The variety is fully hardy down to minus 15 degrees Celsius, the colder winters in the north east can damage top growth, however new growth will emerge from the base in mid Spring. Willmottianum named by the great plant collector E H Wilson after Miss Ellen Ann Willmott a celebrated English gardener (1860-1934)
The shrub has an open branched habit and slender bristly mid green stems, the purple margined leaves are mid to dark green turning red in Autumn.This is one of those irritating shrubs, which does in fact survive in our Aberdeen garden. Problem is it takes so long to get going after the Winter, the plant just does not have the time to develop to the flowering stage. I did leave it in the same sunny position for a couple of years before giving up on it.
However I potted it up using John Innes compost, ensuring good drainage.I over Wintered the plant in the unheated greenhouse. where the growth started much earlier, and by the time I placed the plant in a sunny position at the beginning of May whilst still in its pot, the growth was lush. The plant flowered beautifully from the first week of August through till mid October. I will now not be without this little beauty of which the jury is out as to whether it is in fact a shrub or a perennial. For me, its a shrub!
Hardiness – Fully hardy
Soil – Any well drained fertile soil
Position – Full sun
Height – 90cm/3ft
Whats in the garden today Thursday 7th April.
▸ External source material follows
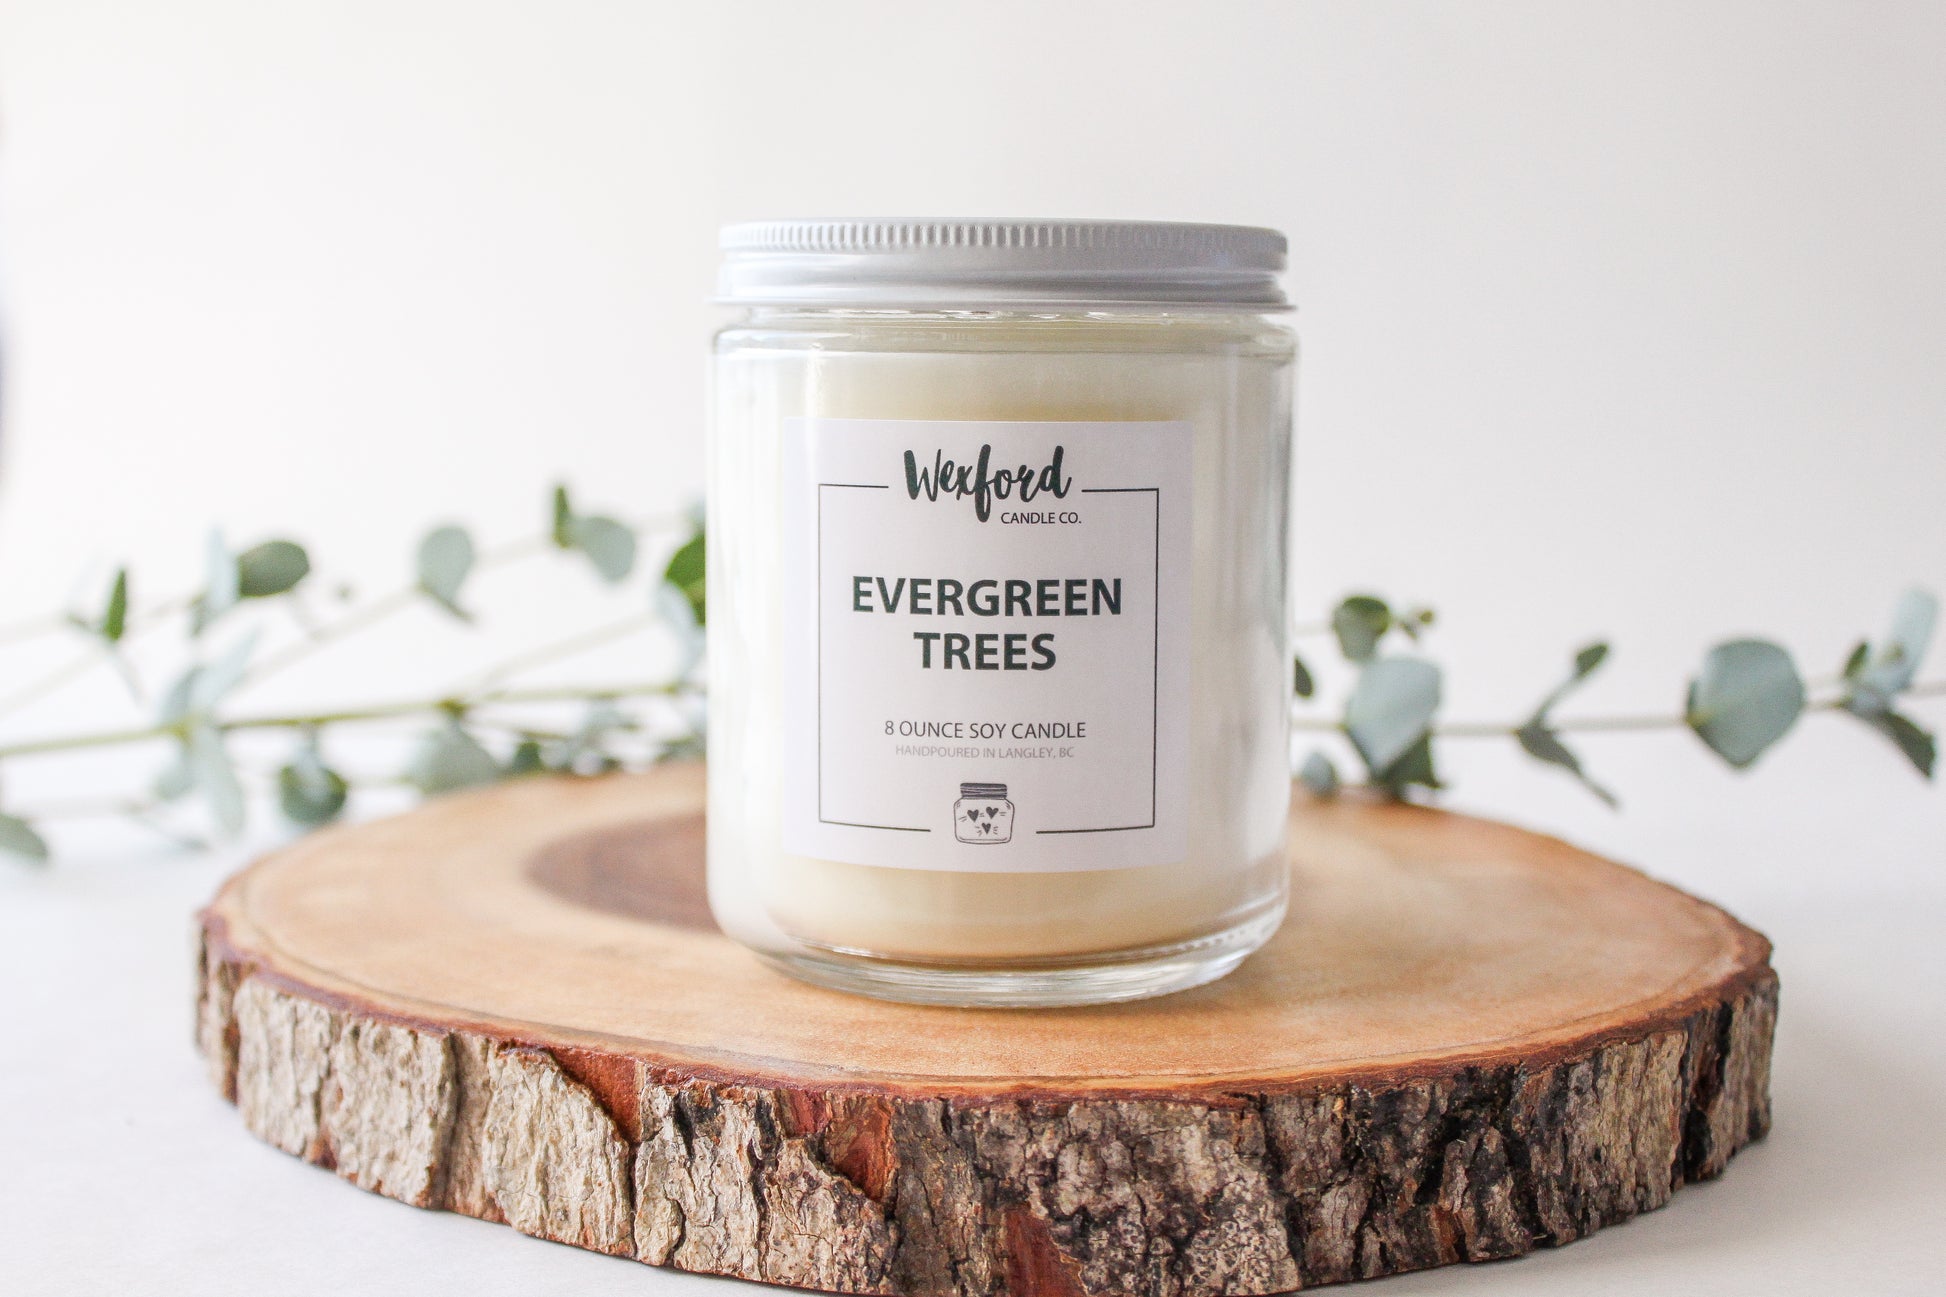 Evergreen Trees Soy Candle - Wexford Candle Co.

Ribes Sanguineum White Icicle. I look forward to this shrub starting to develop the flowering buds at the end of February each year.
The Daffodil Jetfire brightens up the border on the 31st March. The soft green leaves of the Alchemilla Mollis in early Summer will give a very pleasing effect alongside other perennials and a few annuals.
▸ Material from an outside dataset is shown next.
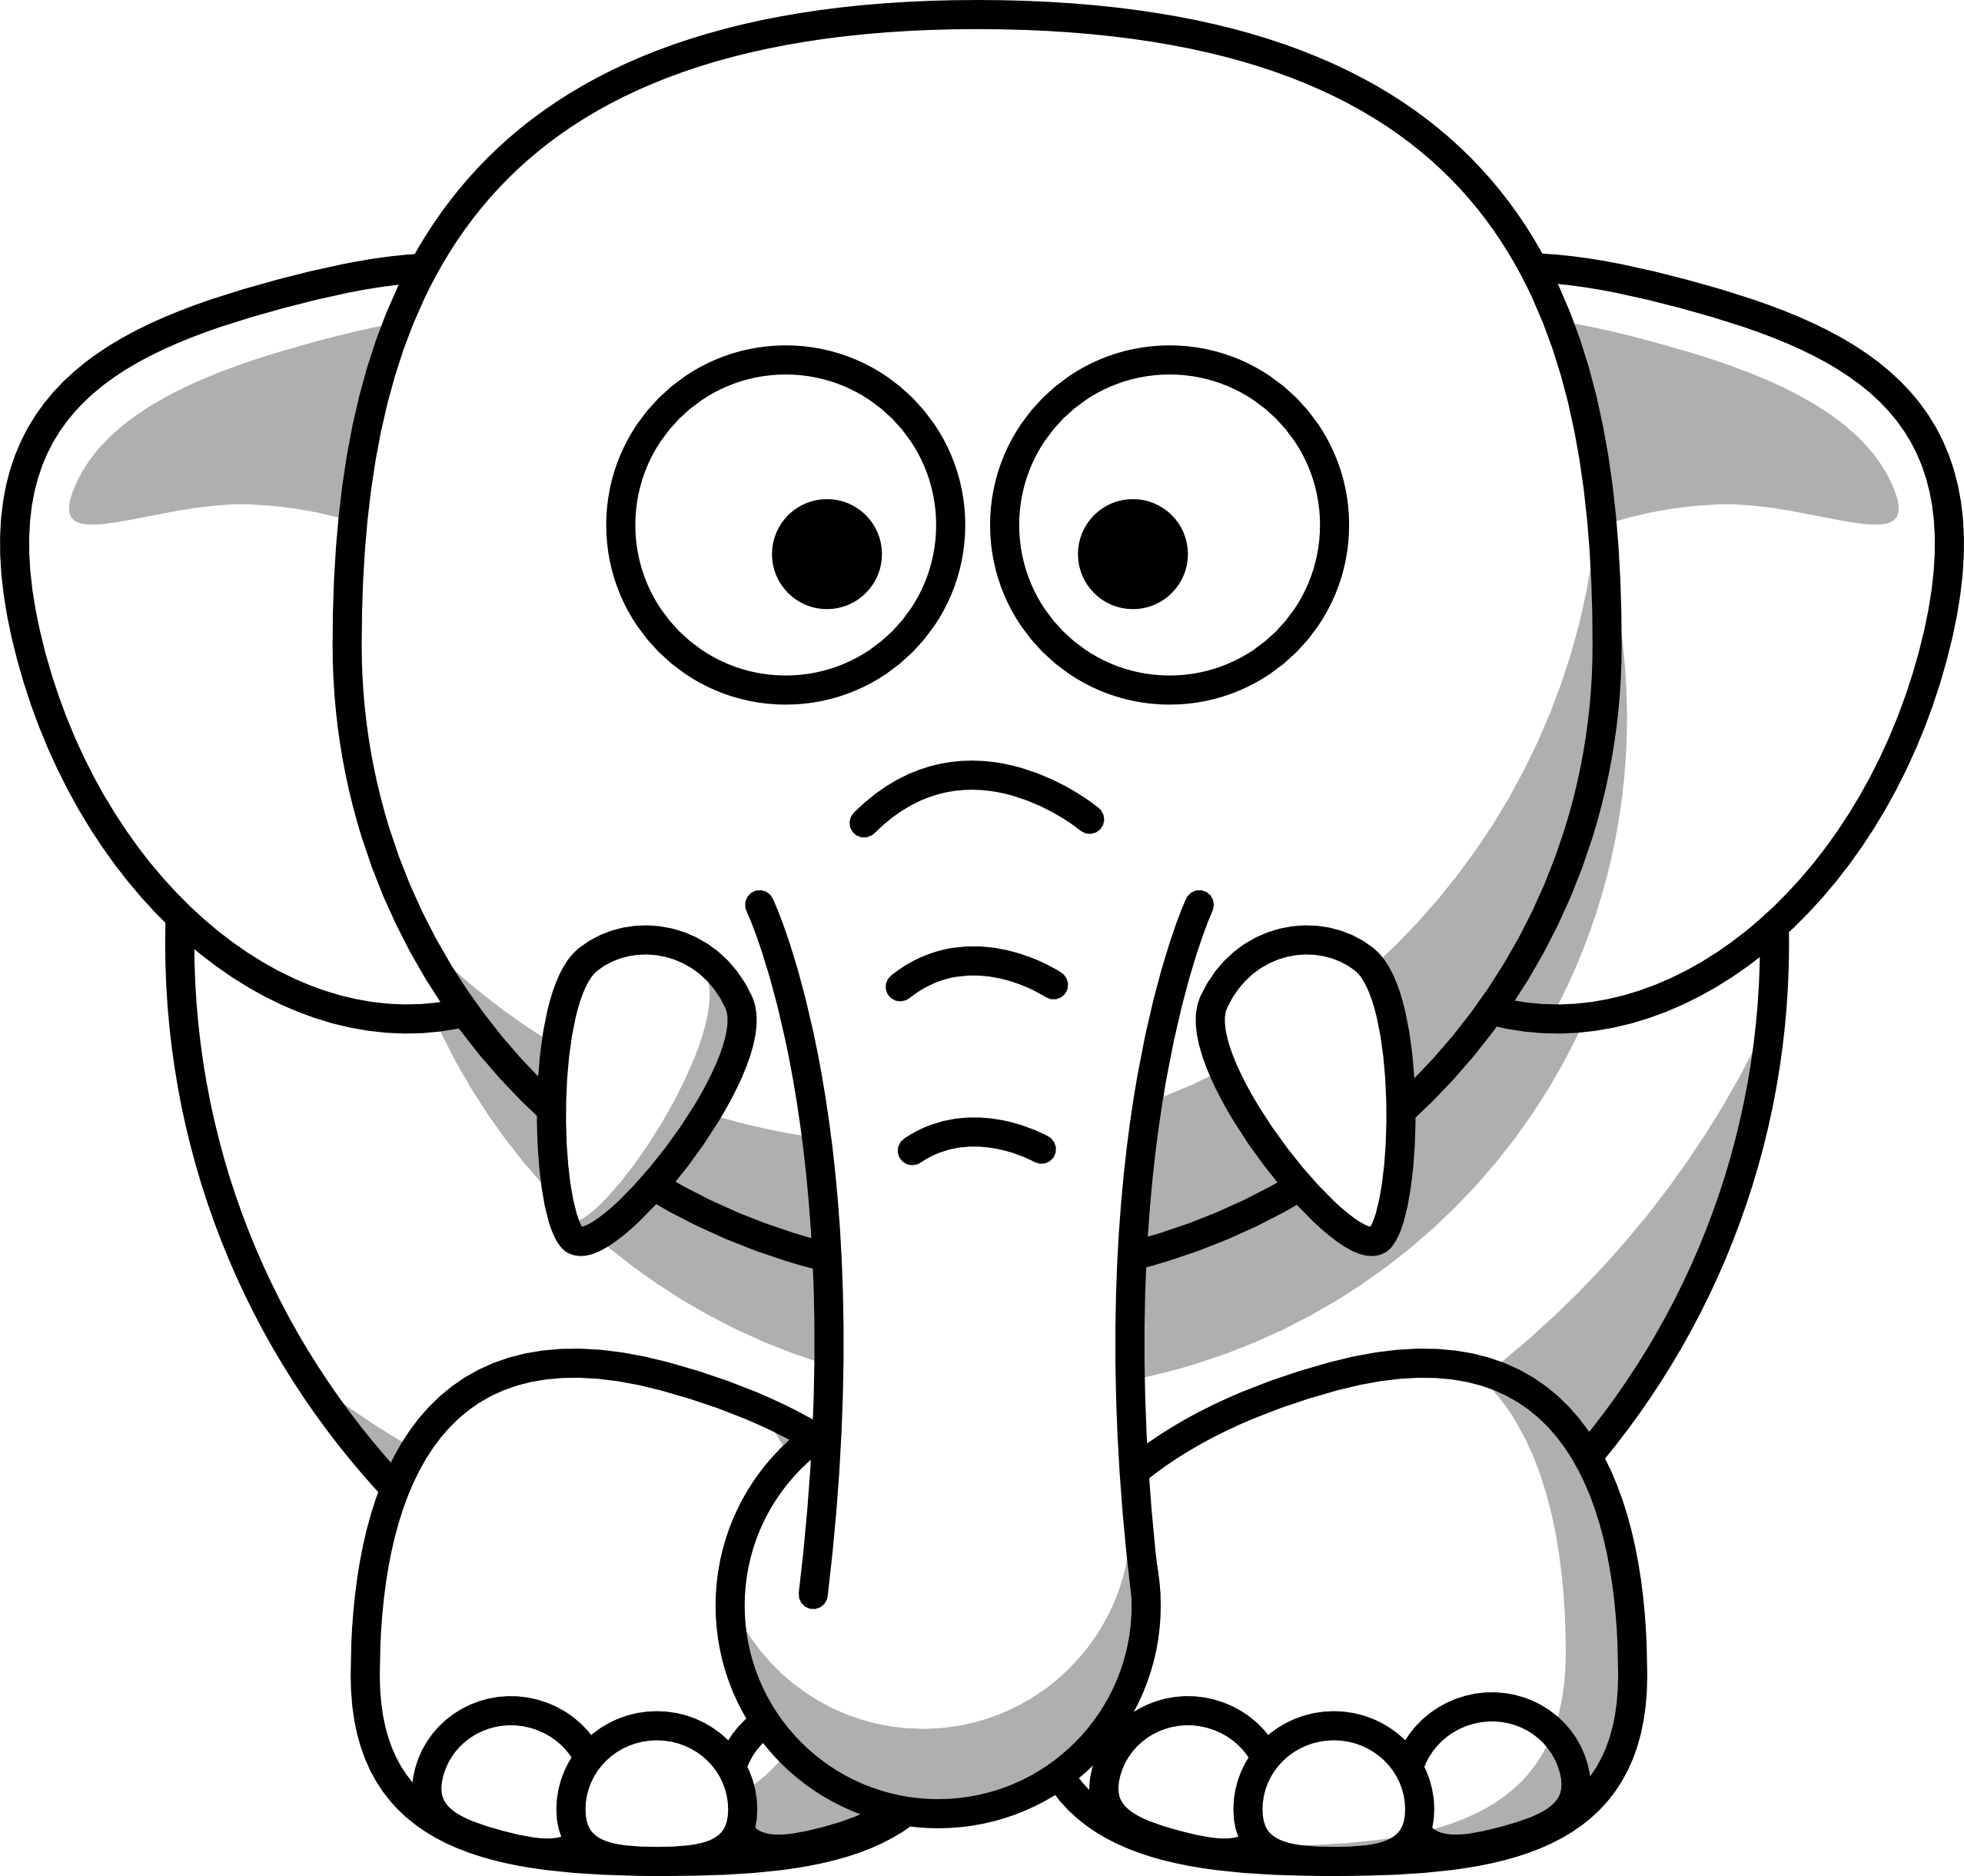 Coral clipart elephant. Black and white animal

The Erythronium Lilac Wonder, a very pretty addition to the woodland area, planted last Spring. Flowering on the 1st of April this year, it has opened earlier than the yellow variety Pagoda. However Pagoda does strike me as being more robust and I suspect has a longer flowering period.
Here the very bright and attractive Heather, Erica Carnea Rosantha only planted last Autumn, looks like it will be a very welcome addition to the Heather bed.
Mahonia Japonica, A welcome sight in the woodland on the 1st of April. Flowers are said to have the fragrance of Lily of the valley.
The common Ribes Sanguineum with its pale pink flowers always gives a delightful show in late March through till the end of April. The embankment which we now call our woodland area had quite a few of this particular shrub when we moved in twenty six years ago.
Apparently they had been planted 15 years before we moved in, making them over 40 years old now. They had become very woody and a few died of naturally, this is the last one standing.
The early Spring garden just has to have at least a few Hellebores.
Polyanthus catching the Spring sunshine in the front garden.
Every year without fail we plant tulips in tubs. I really like this one, but as always with Tulips and Daffodils for that matter I never take note of their names.